佐助くんに文章の添削をお願いしては、他愛のないやり取りが続いている。
その内、年明けくらいには挨拶に何処かで会うか、なんて謙信様と信長様がやり取りをしていると聞いているし、楽しみに事欠かない。


私もじっとしていては体が鈍る、と謙信様に頼み込んで、針子のお仕事を任せてもらった。
針子さん達は皆同年代で、女子会トークで毎日盛り上がっている。


たまに信玄様と幸村も会いに来てくれて、困った事は無いか、謙信に泣かされてないか、なんて世話を焼いてくれ、その度に謙信様が怒って道場に二人を連れていってしまう――しかし、あくまでも、楽しげに。

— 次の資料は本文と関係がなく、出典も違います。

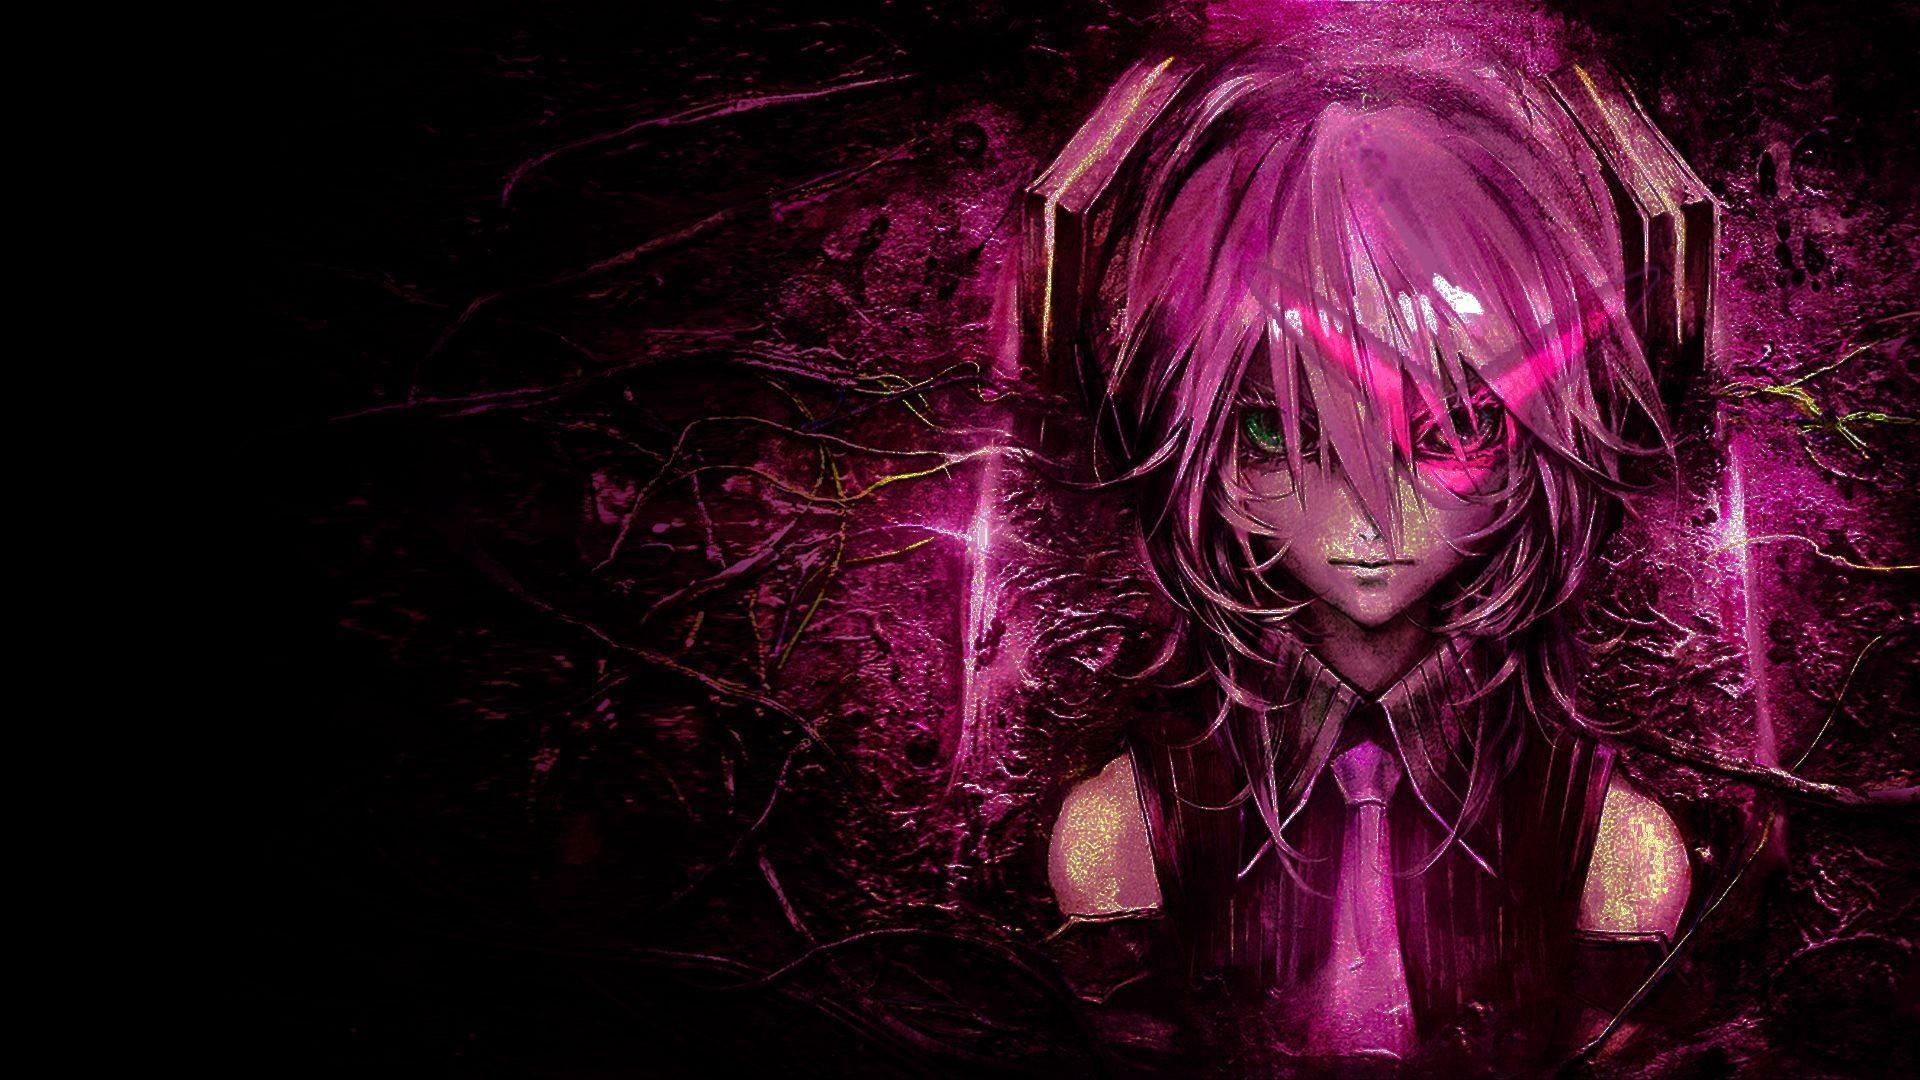 Badass anime wallpaper 65 images - Anime wallpaper black background ...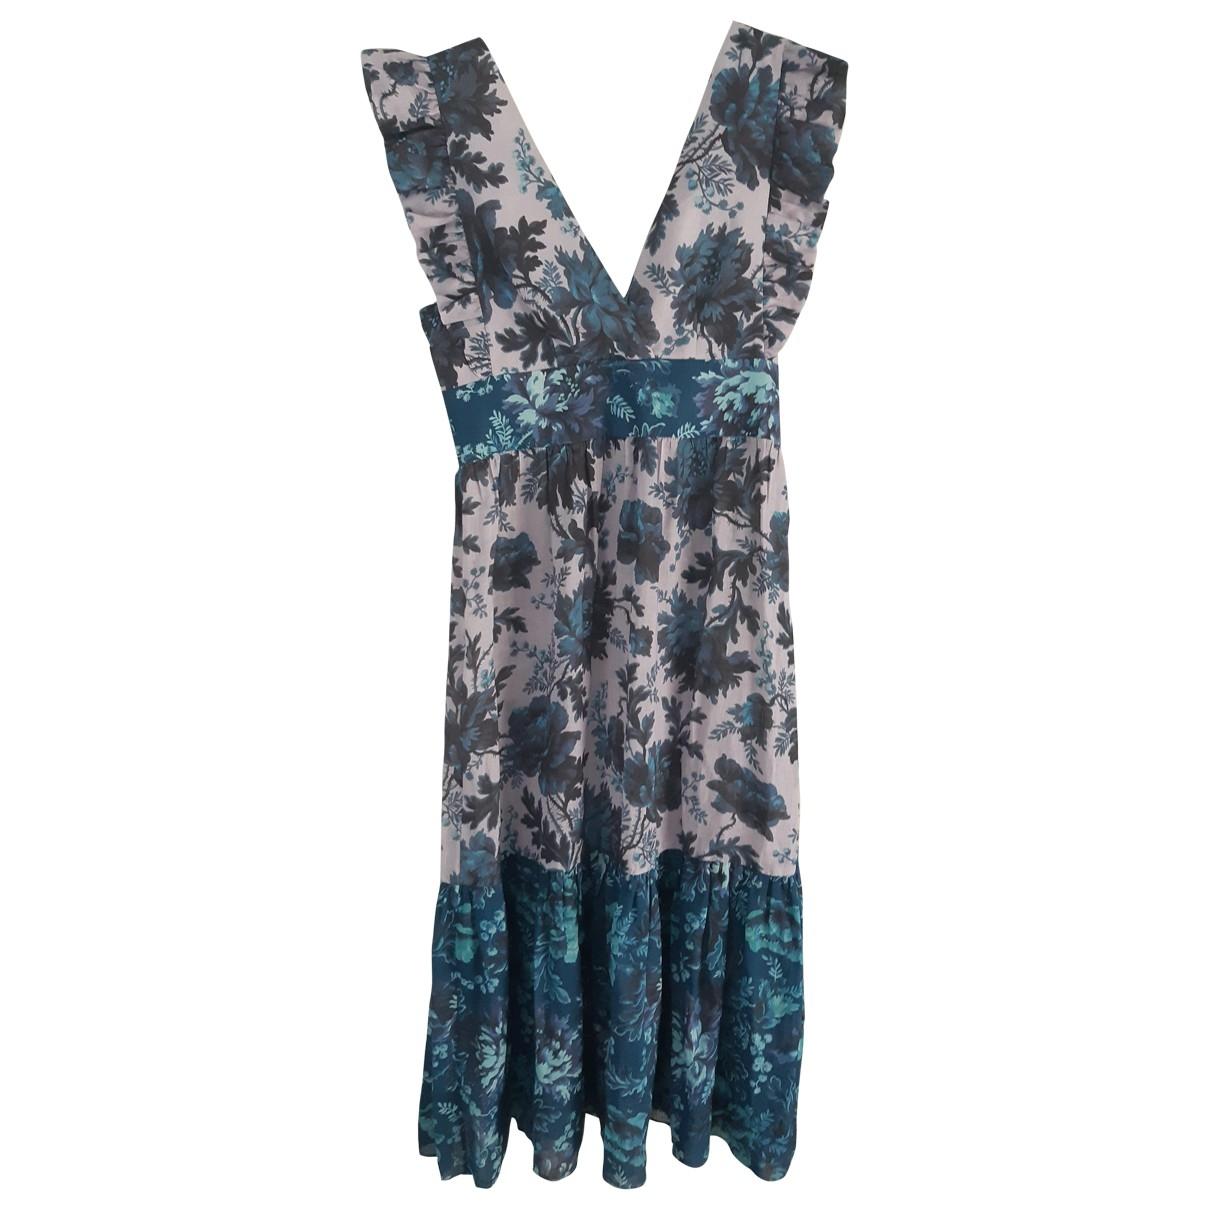 House Of Hackney \N Multicolour Cotton dress for Women 38 IT

冬も深まってきたけれど、暖かい、木漏れ日の様な優しさに包まれて。
恙無く、幸せで、満ち足りた日々がこの先も続くと思っていた――






「お客様、ですか?」
「あぁ、昔の馴染みだ。千花にも、饗しを宜しく頼む」
「わかりました!昔の馴染み、かぁ…謙信様のお話、色々聞けるでしょうか?」


「…昔の俺のことなど、聞いても面白みが無いだろう。寝ても暮れても戦に明け暮れていたのだから」
「それでも、いいんです!謙信様の事、もっと知りたい…だって、好きですもん」



私の好き、の言葉に満足気な笑みを浮かべた、美しい顔がずい、と近付く。
口付けの予感に、目を閉じると、望み通りの温もりがすぐに落ちてくる。